Bacteria Y has a mutation within it’s genome, at gene R, that provides resistance to neomycin. Bacteria Z is sensitive to neomycin, however, when Bacteria Y is placed in a mixture with Bacteria Z, Bacteria Z also gains neomycin resistance.
One cell of Bacterium Y undergoes another mutation at gene R which now provides resistance to neomycin and a closely related anti-biotic, streptomycin. Bacteria Y that has the mutated R gene that gives resistance to both neomycin and streptomycin will be called Y+. When Bacteria Y+ is placed in a mixture with Bacteria Z (that has never been exposed to Bacteria Y before), Bacteria Z does not gain neomycin or streptomycin resistance.
What can explain these results?
So basically:
Bacteria Y (res to neo) + Bacteria Z (sens to neo) = Bacteria Z (res to neo)
Bacteria Y+(res to neo & strep) + Bacteria Z(sens to neo)=Bacteria Z(sens to neo)
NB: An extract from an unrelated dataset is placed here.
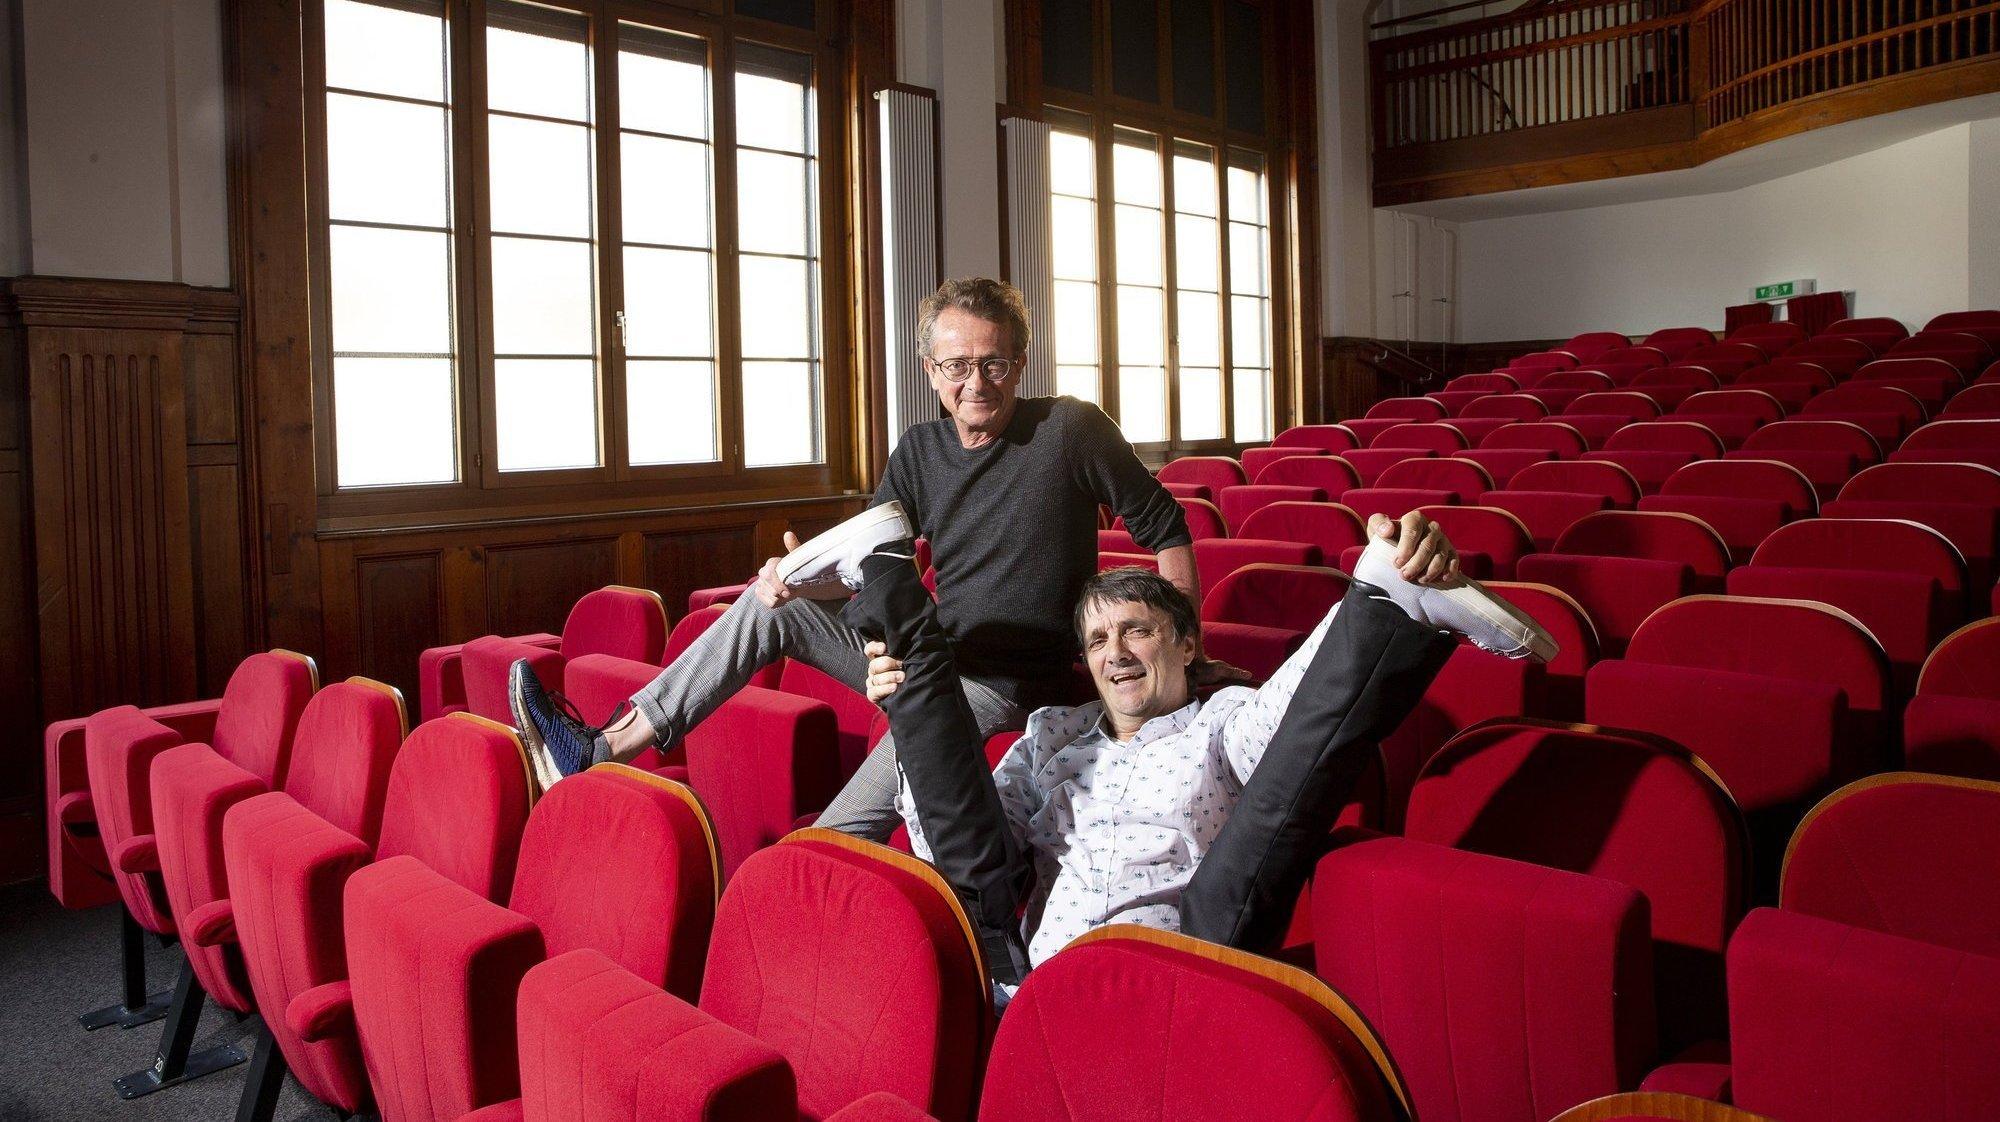 Vincent Kohler et Pierre Aucaigne évoquent leur coup de foudre sur scène

Is it possible that Y contains a plasmid, whereas Y+ a transposon? When the Y+ transposon moves to Z, it locates at a different site?
The results can be explained by the concept of horizontal gene transfer, specifically through a process called conjugation.
Conjugation is a method of genetic transfer where genetic material, such as plasmids, can be passed between bacterial cells. It involves the formation of a physical bridge, called a pilus, between two bacterial cells, through which genetic material can be transferred from one cell to another.
In the first scenario, Bacteria Y, with the mutation at gene R that provides resistance to neomycin, transfers the genetic material containing this resistance to Bacteria Z. As a result, Bacteria Z acquires neomycin resistance. This transfer occurs because the mutated gene R in Bacteria Y is present on a plasmid that can be transferred to Bacteria Z during conjugation.
In the second scenario, when Bacteria Y+ (with the additional mutation at gene R providing resistance to streptomycin) is mixed with Bacteria Z, Bacteria Z does not acquire resistance to neomycin or streptomycin. This suggests that the additional mutation in Bacteria Y+ has altered the plasmid or the specific mechanism by which resistance is transferred.
To summarize, the explanation for these results is that the transfer of the mutated gene R, responsible for neomycin resistance, occurs through conjugation, a process of horizontal gene transfer between bacteria. The presence of an additional mutation in Bacteria Y+ affects the transfer of genetic material, preventing Bacteria Z from gaining resistance to neomycin and streptomycin.